Hust, allongé dans une méridienne, un verre de limonade à la main, rive son regard félin vers la fenêtre. Des collines paradisiaques se déploient à l'horizon. Entre deux monts, un lac cristallin miroite, reflétant les éclats crépusculaires de cette fin d'après-midi. Pendant que Hust se lamente sur la magnificence du paysage (il fait toujours beau ici, les oiseaux chantent en permanence et tout va toujours bien), j'en profite pour me servir un verre de jus de sureau.

Gagner le ciel n'a pas eu que des avantages. Depuis que j'ai racheté mon âme, quitté les Enfers et que je vis ici, dans cette magnifique villa, vue lac et montagne, on s'ennuie à mourir....

L'éternité n'a jamais été aussi longue. L'Enfer était plus fun.

Adam nous a autorisé à ouvrir un salon de thé, sans alcool, où les anges aiment venir passer leur temps (ou plutôt : attendre que le temps passe), mais comme le lieu n'est jamais ouvert passé 16h30, nos soirées sont vites mornes et ennuyantes.

— Je m'ennuie ! répète Hust pour la seconde fois.

J'avale mon verre de jus de sureau d'un trait. C'est frais, léger, un peu pétillant. Ça manque cruellement de piment, mais que voulez-vous ? Durant des siècles, j'ai imploré le ciel de m'accorder la rédemption et de m'ouvrir la voie d'accès au Paradis. Grâce à Charlie et au Hazbin Hotel, j'ai désormais une magnifique auréole. Ma vie est parfaite. Je ne bois plus, je ne me drogue plus, je ne couche plus avec personne. C'était la condition pour accéder au ciel et échapper à Valentino. Une vie chaste de toute addiction et poison. J'ai réussi à convaincre les séraphins, présidés par Adam-qui-est-devenu-presque-gentil, et me voilà, dans cette nouvelle vie, à siroter du sureau à côté de Hust qui boude.

— JE M'ENNUIE ! répète-t-il pour la troisième fois.

Je lève les yeux au ciel (façon de parler, puisque j'y suis déjà).

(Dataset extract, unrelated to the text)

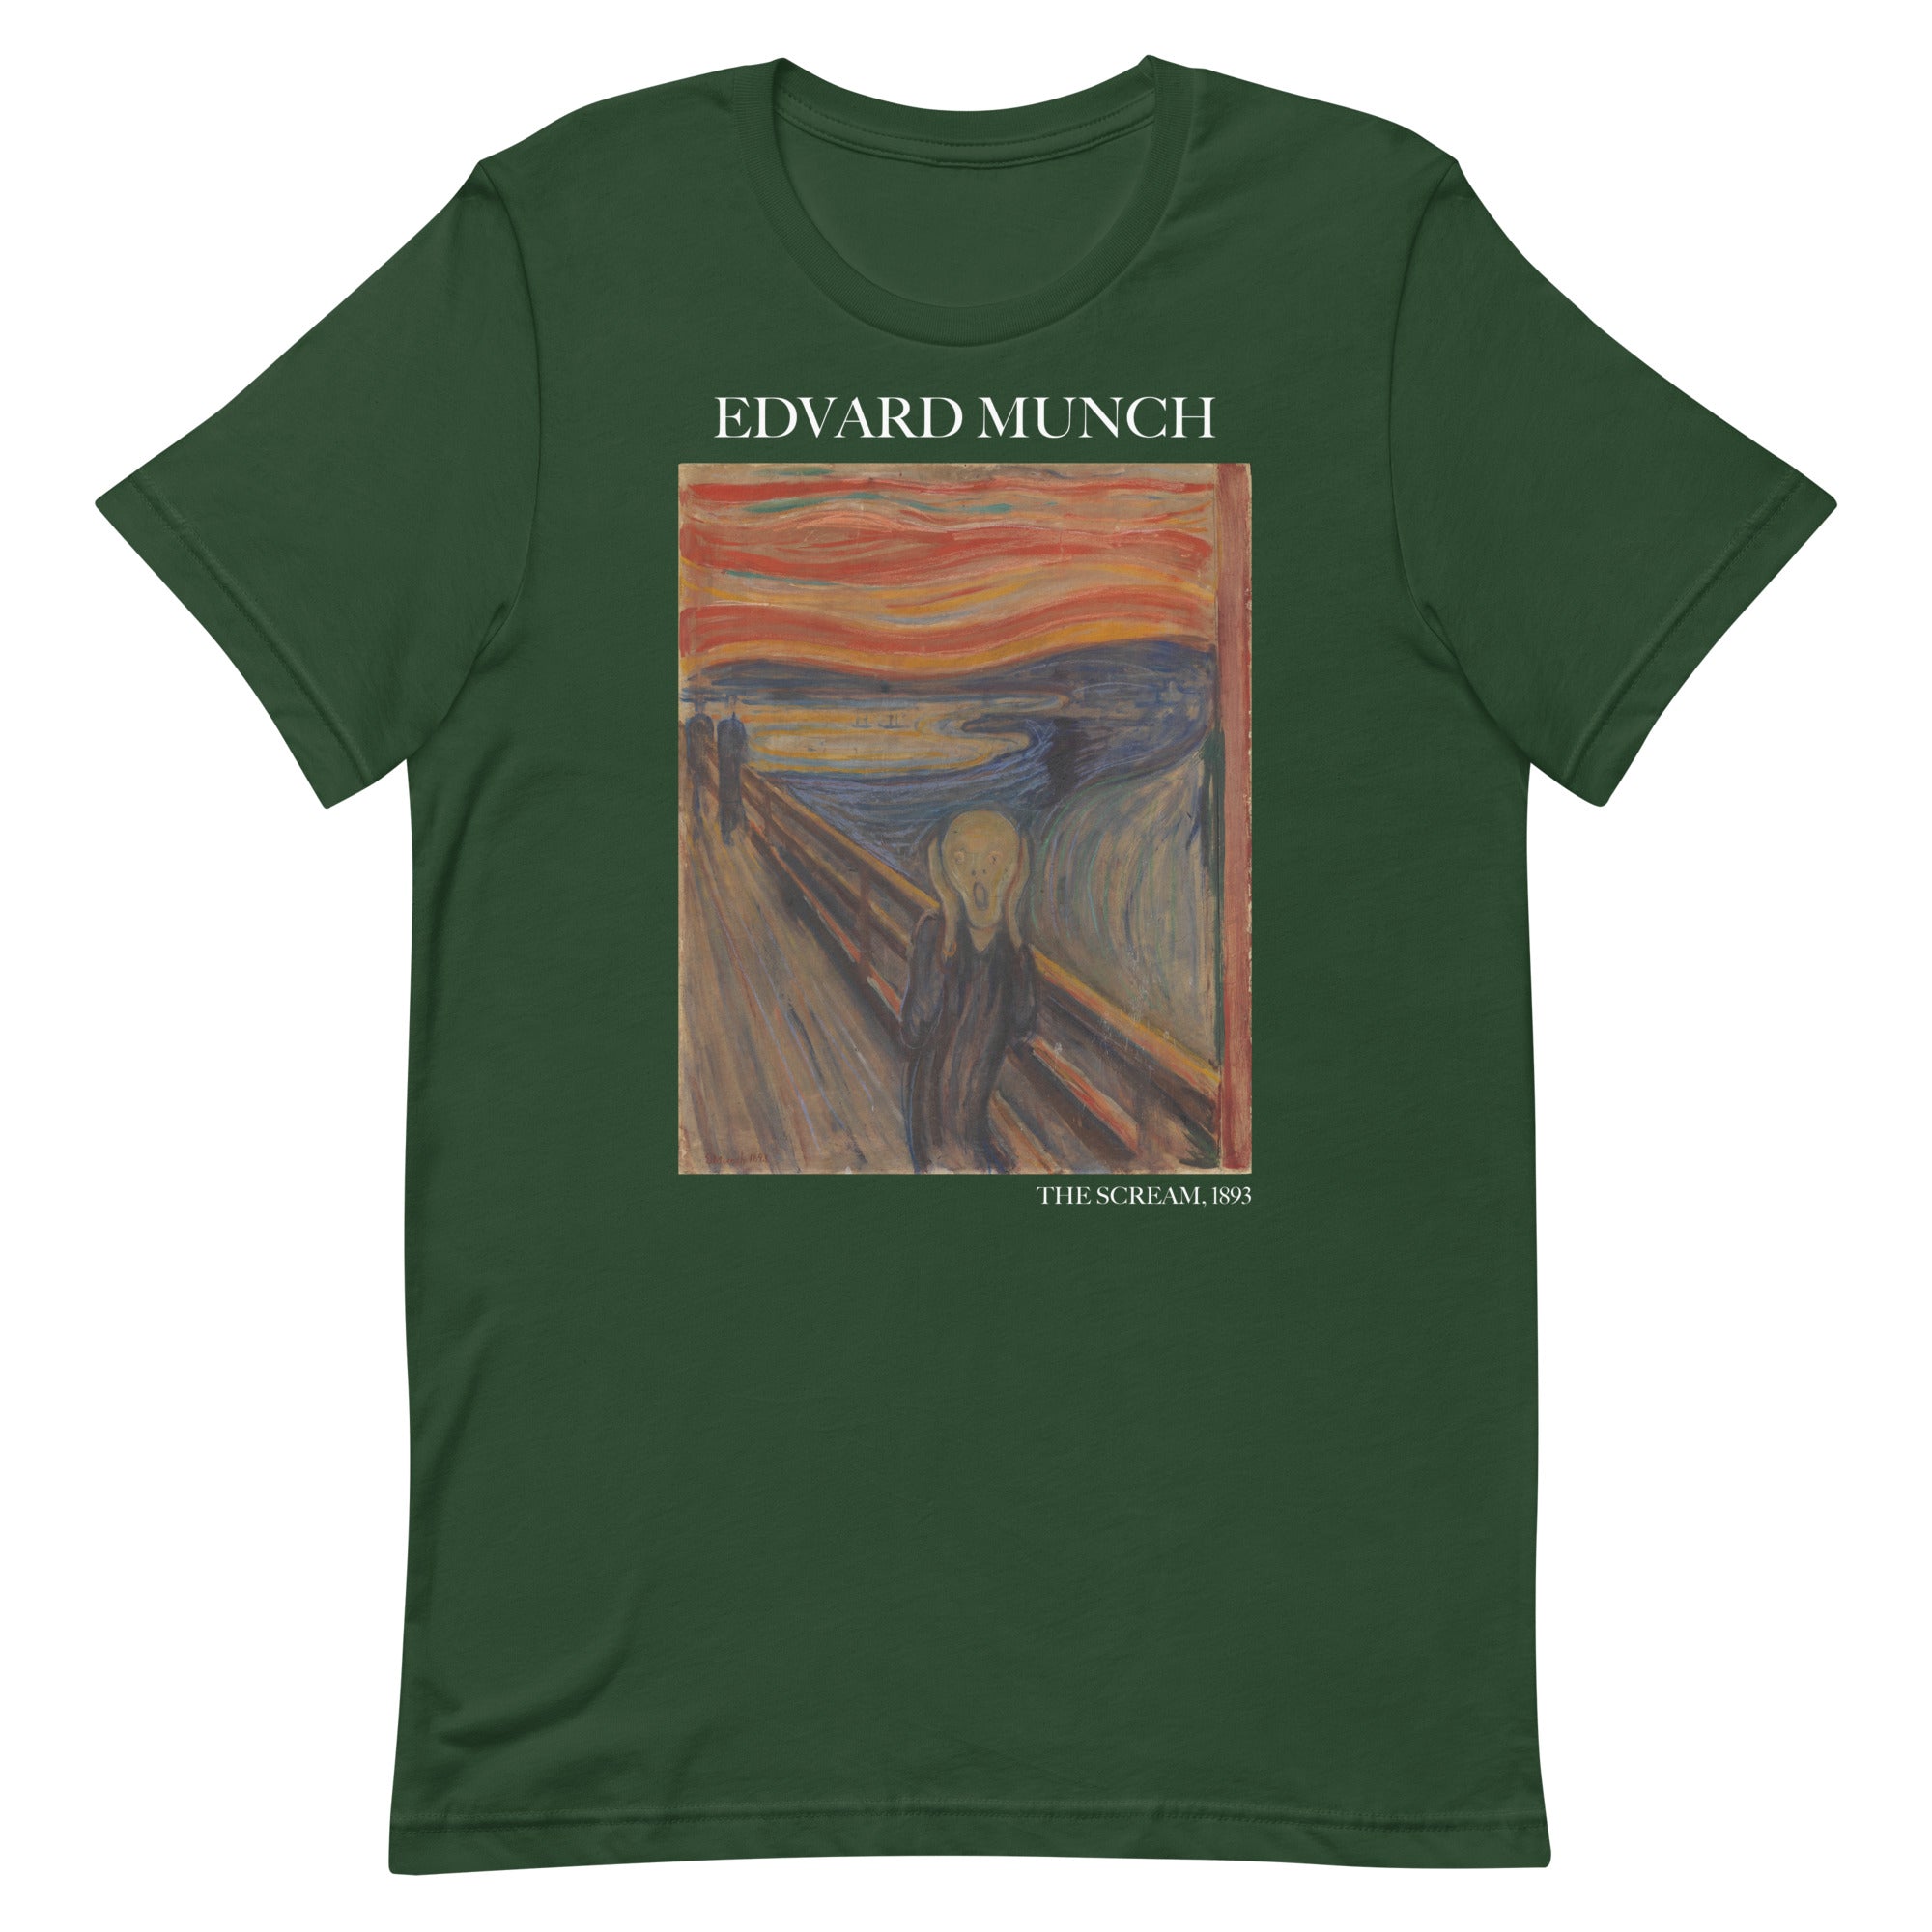 T-Shirt mit dem berühmten Gemälde „Der Schrei“ von Edvard Munch | Unisex-T-Shirt im klassischen Kunststil
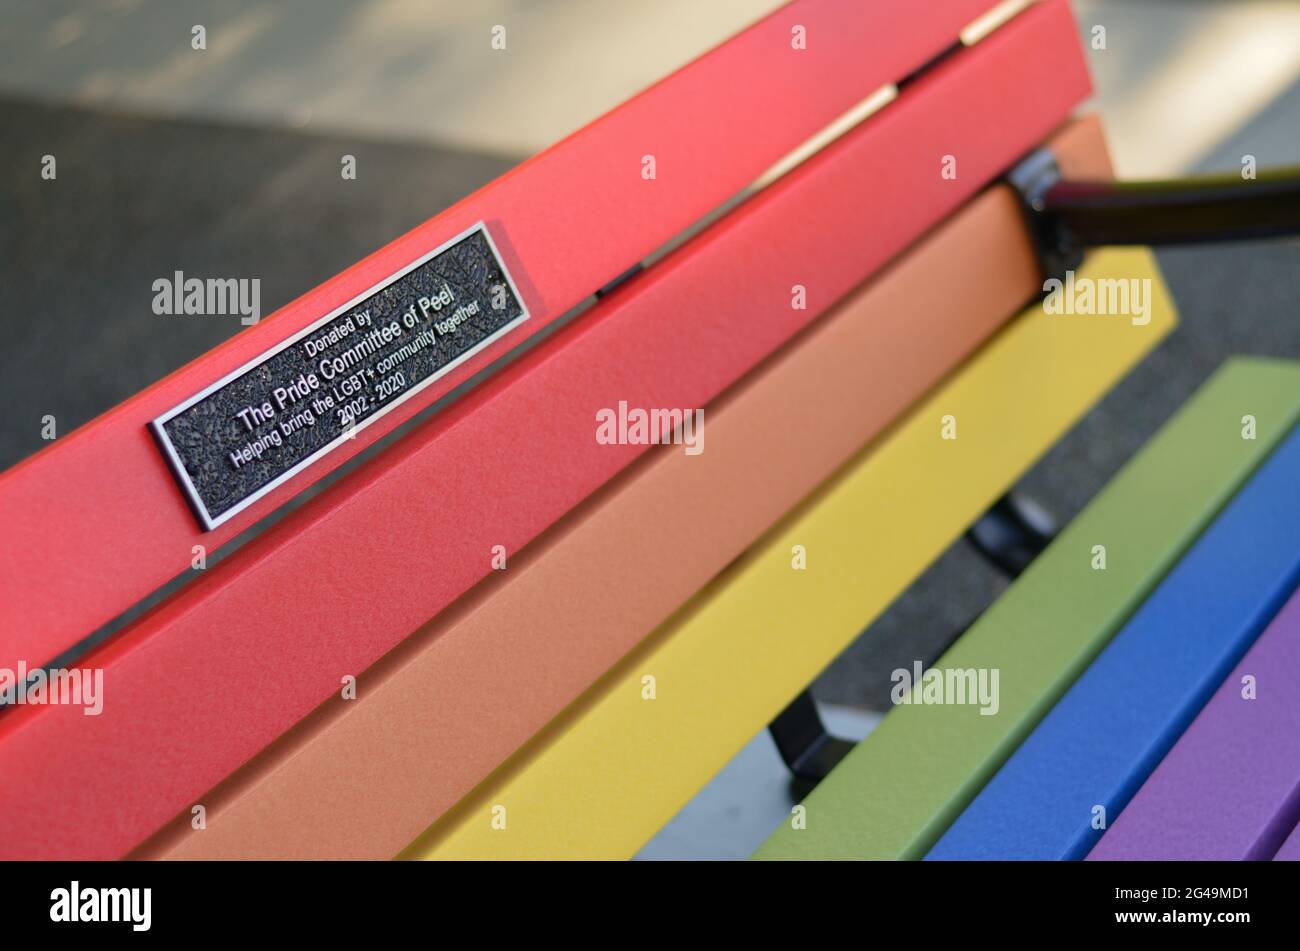 Un banc peint dans les couleurs du drapeau de fierté arc-en-ciel près du collage Sheridan Mississauga, Ontario, Canada pour célébrer le mois de fierté pour 2SLGBTQ+ (deux Spirit,L Banque D'Images

— Je t'avais entendu les trois premières fois, mon chaton. Inutile de miauler aussi fort.

— On aurait dû rester en Enfer.

C'est son leitmotiv préféré ces derniers temps. Hust regrette le rachat de nos âmes. Pour ma part, je suis plus partagé. Une part de moi regrette cette vie de débauche, de sexualité, de drogue et de fêtes. L'autre est contente de ne plus être obligé de répondre aux exigences de ce crevard de Valentino ! Cette enflure ! Ce serpent de mes deux (merci de garder ces insultes pour vous, il n'est pas autorisé de les formuler à haute voix au Paradis).

— Tu ne crois pas qu'on aurait dû rester là-bas ? reprend Hust. J'avais un boulot d'Enfer, des clients, je ne m'ennuyais jamais ! Ce n'était pas la vie rêvée, mais c'était ma vie et je m'y étais fait.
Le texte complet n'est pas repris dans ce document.